To do
Go to the line below containing "Vaserzberg Латунный одинарный" and print exactly from there through the line containing "Cool Coloriage Pokemon", both included. Print nothing else.

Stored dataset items
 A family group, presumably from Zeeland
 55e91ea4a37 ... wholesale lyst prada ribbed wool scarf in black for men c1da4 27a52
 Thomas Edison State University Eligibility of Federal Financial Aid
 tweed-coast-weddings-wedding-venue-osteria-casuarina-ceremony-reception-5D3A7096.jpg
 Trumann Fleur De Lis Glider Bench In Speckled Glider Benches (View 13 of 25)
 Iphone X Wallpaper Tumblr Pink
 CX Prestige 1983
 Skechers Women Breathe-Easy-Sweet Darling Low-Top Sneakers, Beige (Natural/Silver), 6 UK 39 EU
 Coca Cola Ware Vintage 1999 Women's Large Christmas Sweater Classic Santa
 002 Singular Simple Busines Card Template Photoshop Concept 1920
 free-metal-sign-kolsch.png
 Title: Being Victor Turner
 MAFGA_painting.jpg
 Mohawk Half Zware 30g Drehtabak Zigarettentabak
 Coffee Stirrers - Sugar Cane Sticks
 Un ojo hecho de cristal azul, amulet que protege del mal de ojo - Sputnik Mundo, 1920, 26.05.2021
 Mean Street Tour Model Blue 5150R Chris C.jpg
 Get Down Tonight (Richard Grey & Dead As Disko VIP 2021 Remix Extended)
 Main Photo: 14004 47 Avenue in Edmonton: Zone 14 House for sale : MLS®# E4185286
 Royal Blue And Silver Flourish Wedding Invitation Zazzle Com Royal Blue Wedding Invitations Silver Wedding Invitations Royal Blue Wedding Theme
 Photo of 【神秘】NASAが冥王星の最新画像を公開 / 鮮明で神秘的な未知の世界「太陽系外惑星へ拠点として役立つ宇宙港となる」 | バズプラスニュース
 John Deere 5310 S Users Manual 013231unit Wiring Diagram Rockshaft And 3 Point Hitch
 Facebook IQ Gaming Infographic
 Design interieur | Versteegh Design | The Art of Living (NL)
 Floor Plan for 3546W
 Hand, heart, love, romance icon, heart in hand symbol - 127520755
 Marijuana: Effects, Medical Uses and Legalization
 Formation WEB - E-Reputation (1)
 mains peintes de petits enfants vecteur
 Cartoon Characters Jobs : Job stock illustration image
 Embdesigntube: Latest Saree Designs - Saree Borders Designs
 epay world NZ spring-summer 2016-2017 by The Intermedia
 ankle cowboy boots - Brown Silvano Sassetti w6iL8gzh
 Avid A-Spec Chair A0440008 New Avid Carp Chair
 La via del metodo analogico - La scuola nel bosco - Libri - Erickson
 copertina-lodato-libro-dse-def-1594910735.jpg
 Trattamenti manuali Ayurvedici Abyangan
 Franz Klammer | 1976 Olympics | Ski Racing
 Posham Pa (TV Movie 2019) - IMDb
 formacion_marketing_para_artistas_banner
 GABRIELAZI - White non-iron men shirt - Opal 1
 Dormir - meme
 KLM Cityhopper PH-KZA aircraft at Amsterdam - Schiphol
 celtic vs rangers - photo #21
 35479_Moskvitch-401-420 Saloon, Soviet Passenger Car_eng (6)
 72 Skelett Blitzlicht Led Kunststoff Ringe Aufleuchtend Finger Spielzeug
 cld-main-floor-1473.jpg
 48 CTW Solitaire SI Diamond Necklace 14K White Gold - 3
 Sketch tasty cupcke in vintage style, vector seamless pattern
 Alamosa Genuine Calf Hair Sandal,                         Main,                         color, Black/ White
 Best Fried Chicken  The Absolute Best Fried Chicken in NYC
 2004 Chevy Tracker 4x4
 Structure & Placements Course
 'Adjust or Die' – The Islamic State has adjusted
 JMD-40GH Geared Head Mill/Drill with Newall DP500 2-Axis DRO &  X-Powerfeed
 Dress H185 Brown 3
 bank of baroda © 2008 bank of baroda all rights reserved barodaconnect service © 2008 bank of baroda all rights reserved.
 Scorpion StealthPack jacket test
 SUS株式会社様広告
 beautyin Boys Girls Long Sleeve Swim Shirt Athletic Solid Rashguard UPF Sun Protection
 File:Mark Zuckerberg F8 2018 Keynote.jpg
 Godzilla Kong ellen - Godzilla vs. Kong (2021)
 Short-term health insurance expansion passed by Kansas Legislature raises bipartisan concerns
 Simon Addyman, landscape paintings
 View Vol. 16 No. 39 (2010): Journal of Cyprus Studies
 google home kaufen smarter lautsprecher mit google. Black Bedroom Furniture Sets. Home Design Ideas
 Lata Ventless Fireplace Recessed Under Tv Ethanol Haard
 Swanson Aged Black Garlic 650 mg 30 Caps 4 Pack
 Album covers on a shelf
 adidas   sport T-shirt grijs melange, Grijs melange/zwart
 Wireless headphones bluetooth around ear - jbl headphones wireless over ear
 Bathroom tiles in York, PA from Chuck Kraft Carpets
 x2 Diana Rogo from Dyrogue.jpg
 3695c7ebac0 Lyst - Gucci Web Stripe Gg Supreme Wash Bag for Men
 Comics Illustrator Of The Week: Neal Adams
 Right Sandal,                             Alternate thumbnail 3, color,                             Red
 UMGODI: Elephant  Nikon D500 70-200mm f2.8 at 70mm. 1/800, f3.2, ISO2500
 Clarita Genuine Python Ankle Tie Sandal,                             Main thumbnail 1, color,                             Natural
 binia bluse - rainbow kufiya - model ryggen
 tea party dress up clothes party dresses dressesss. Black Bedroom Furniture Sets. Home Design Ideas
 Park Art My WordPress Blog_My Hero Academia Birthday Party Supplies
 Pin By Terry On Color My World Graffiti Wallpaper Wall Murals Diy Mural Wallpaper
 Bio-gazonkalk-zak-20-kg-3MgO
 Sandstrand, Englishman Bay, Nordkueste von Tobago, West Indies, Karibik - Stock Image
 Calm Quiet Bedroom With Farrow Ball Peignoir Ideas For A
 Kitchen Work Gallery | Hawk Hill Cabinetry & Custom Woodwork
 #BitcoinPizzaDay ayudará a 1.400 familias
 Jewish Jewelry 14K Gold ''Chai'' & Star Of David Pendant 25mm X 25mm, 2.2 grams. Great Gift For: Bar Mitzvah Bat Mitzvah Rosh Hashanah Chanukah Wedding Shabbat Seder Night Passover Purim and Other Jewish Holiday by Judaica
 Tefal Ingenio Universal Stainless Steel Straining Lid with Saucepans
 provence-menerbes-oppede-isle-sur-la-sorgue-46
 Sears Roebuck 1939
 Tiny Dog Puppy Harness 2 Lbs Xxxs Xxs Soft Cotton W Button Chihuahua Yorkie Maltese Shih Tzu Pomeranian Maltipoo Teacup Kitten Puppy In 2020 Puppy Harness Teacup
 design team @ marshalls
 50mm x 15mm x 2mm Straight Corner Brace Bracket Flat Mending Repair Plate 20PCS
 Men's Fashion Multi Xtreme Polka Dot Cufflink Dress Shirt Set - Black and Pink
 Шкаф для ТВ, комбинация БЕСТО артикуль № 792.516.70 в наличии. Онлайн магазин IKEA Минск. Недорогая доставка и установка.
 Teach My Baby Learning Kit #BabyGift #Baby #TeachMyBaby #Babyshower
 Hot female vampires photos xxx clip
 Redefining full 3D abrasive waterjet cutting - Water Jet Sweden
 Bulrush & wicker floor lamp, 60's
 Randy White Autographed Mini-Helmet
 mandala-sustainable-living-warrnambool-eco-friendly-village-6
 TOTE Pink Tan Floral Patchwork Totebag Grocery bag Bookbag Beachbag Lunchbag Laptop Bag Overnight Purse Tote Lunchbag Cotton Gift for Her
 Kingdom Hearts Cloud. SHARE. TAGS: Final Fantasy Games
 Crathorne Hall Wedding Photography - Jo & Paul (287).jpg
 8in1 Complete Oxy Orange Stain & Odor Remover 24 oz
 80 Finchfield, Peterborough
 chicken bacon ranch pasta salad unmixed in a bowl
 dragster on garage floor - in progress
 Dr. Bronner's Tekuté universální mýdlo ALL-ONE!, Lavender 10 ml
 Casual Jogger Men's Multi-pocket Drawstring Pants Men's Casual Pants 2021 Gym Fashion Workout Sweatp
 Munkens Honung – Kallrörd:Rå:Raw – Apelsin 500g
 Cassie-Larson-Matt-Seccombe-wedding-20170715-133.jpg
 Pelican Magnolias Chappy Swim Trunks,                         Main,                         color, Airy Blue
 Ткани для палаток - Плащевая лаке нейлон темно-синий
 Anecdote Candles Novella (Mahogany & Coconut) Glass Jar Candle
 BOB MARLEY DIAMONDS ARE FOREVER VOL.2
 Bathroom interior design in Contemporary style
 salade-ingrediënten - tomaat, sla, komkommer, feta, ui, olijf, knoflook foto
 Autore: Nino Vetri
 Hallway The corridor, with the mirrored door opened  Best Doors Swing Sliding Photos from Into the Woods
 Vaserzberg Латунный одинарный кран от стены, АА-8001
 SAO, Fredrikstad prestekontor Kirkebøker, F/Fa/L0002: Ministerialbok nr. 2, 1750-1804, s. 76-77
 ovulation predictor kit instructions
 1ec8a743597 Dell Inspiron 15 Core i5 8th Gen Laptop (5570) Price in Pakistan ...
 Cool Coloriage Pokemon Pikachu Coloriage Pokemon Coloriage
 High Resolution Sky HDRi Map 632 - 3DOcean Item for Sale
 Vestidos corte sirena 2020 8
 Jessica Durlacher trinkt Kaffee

Answer box
 Vaserzberg Латунный одинарный кран от стены, АА-8001
 SAO, Fredrikstad prestekontor Kirkebøker, F/Fa/L0002: Ministerialbok nr. 2, 1750-1804, s. 76-77
 ovulation predictor kit instructions
 1ec8a743597 Dell Inspiron 15 Core i5 8th Gen Laptop (5570) Price in Pakistan ...
 Cool Coloriage Pokemon Pikachu Coloriage Pokemon Coloriage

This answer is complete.